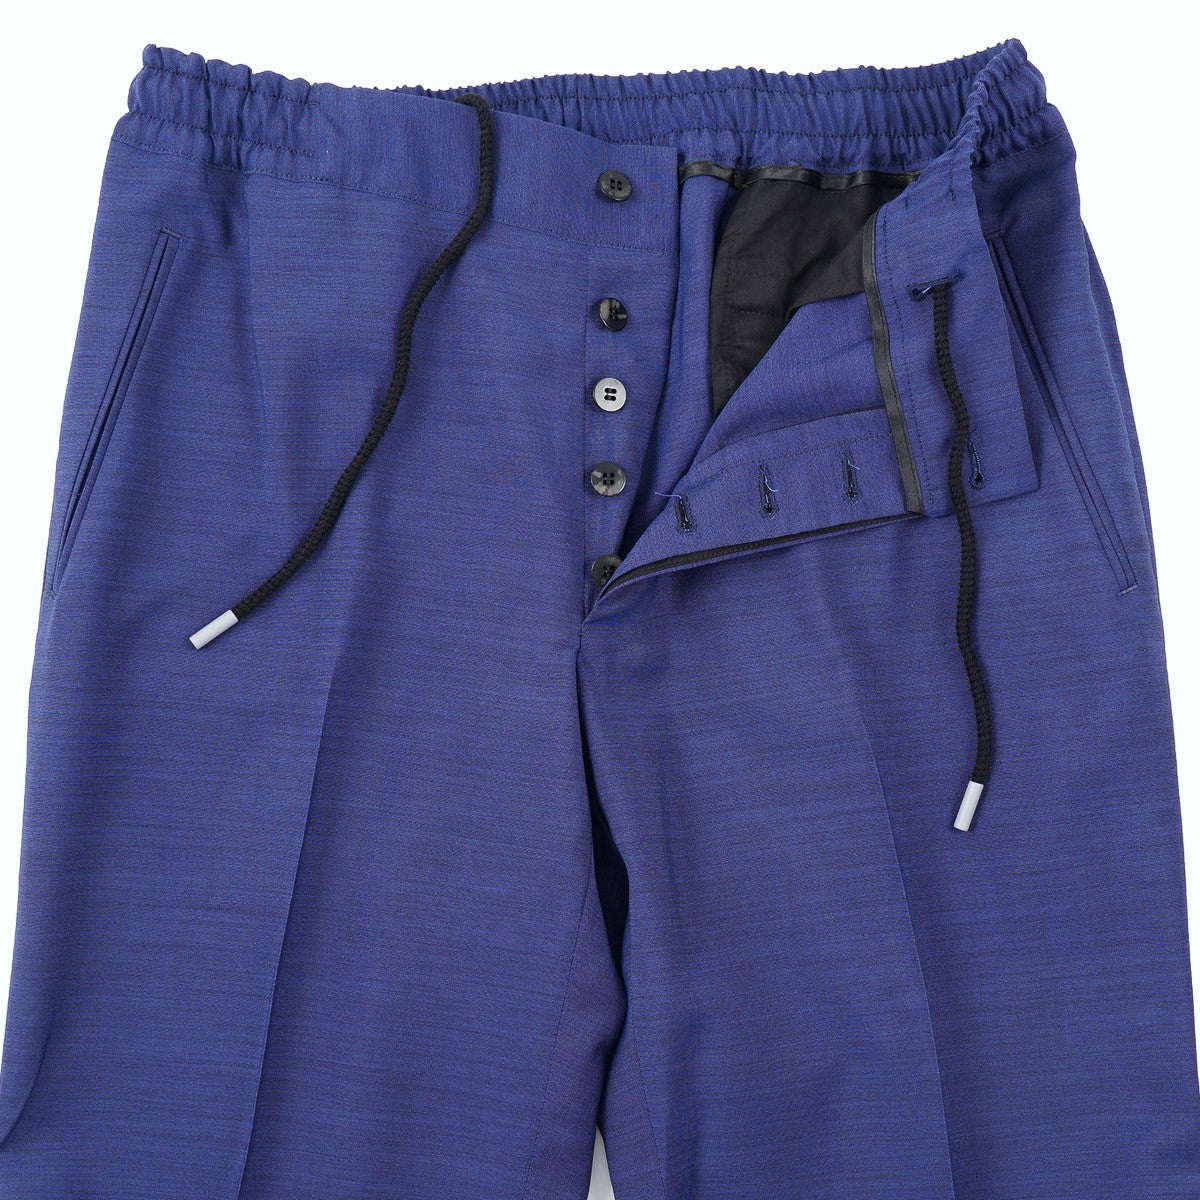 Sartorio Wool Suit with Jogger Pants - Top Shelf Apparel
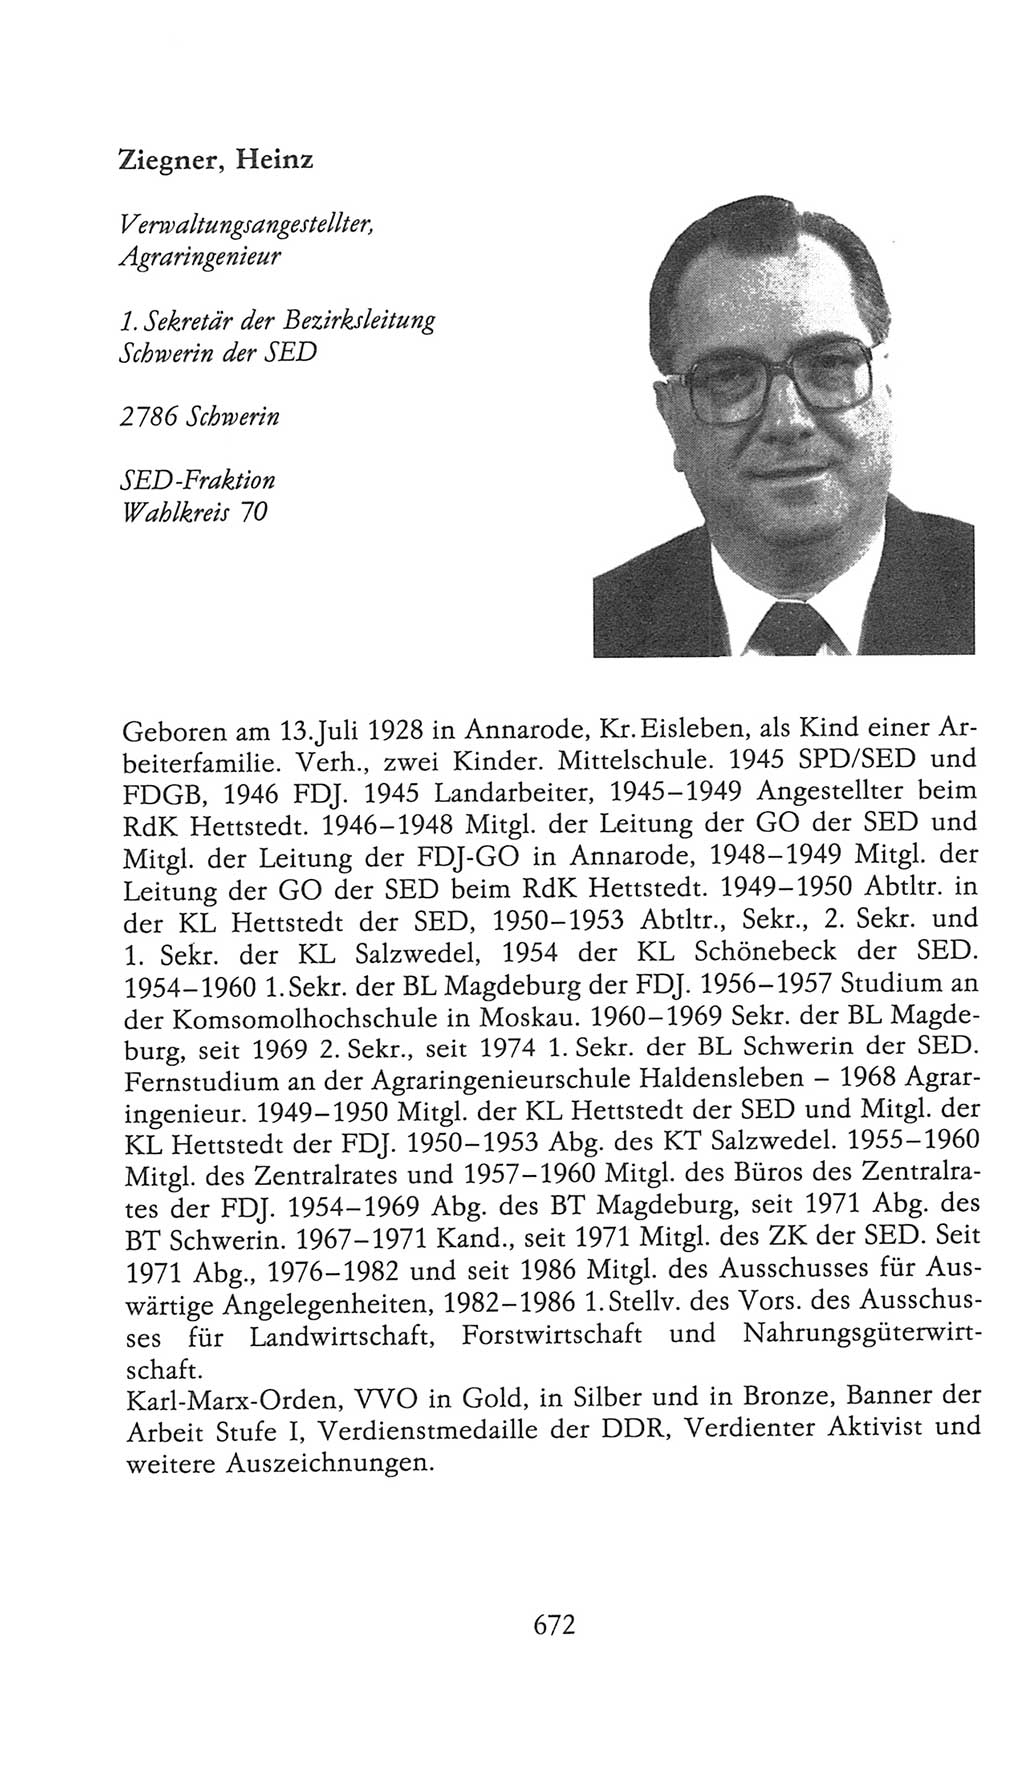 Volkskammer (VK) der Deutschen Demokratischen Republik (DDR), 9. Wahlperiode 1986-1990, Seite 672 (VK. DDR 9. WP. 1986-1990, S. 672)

■ ■ ■ ■ ■ ■ ■

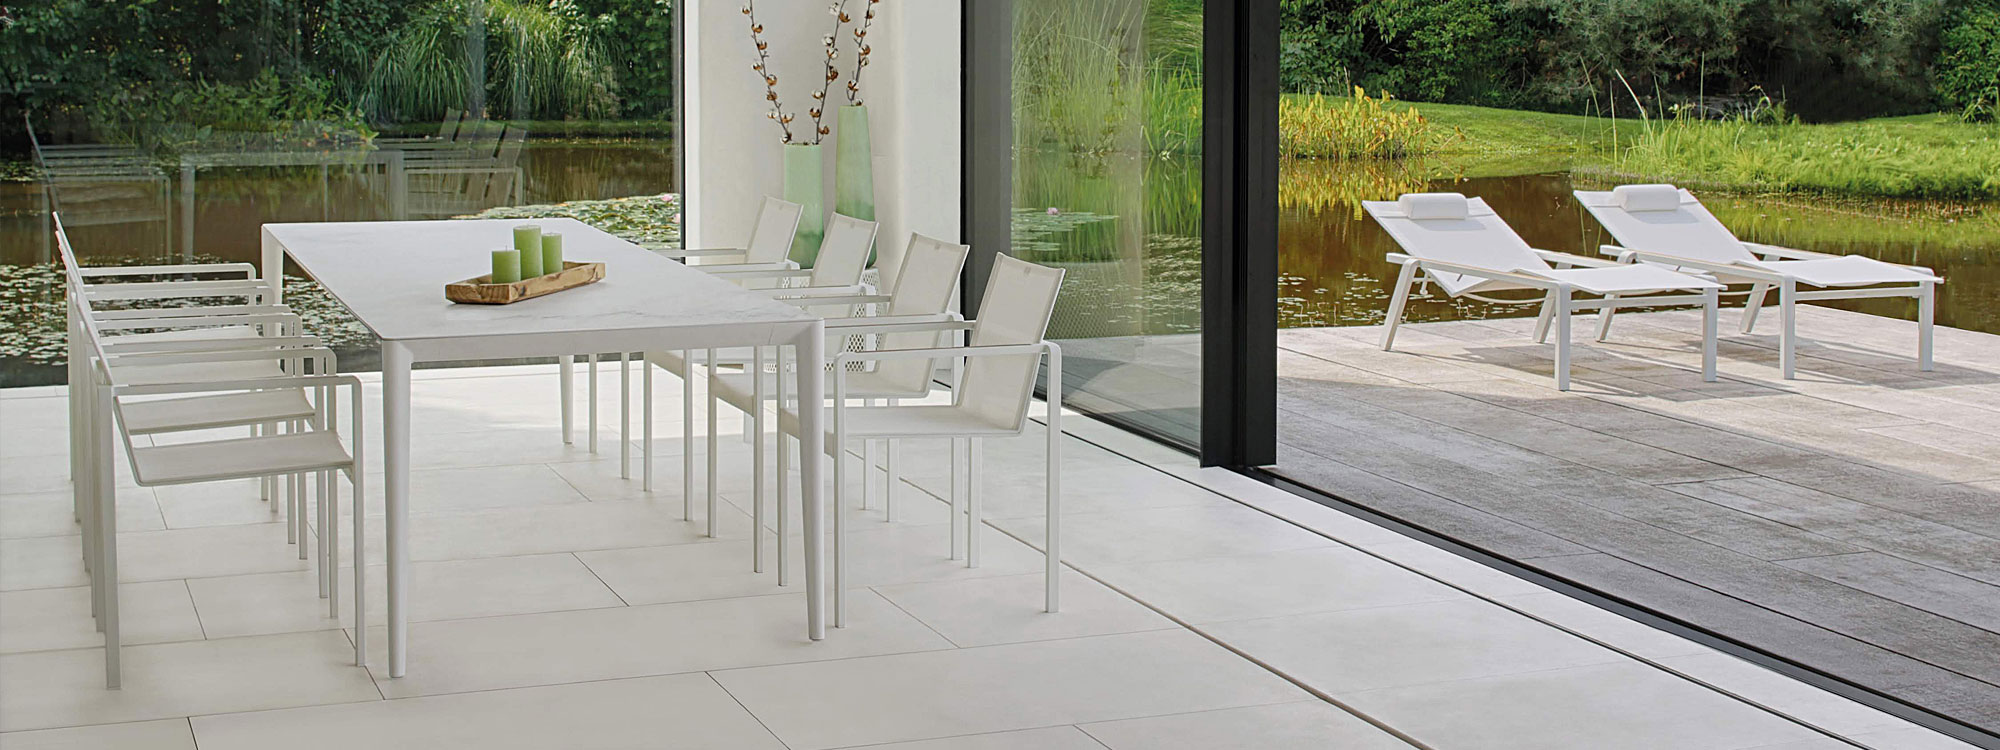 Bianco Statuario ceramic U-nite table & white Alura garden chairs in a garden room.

■ ■ ■ ■ ■ ■ ■

*Instructions to follow*. Within the material above, only the stretch from the line holding "Sartorio Wool Suit" through the line holding "Volkskammer (VK) der" is to be restated exactly. Pictures are dropped.

*Exercise solution*.
 Sartorio Wool Suit with Jogger Pants - Top Shelf Apparel
 Volkskammer (VK) der Deutschen Demokratischen Republik (DDR), 9. Wahlperiode 1986-1990, Seite 672 (VK. DDR 9. WP. 1986-1990, S. 672)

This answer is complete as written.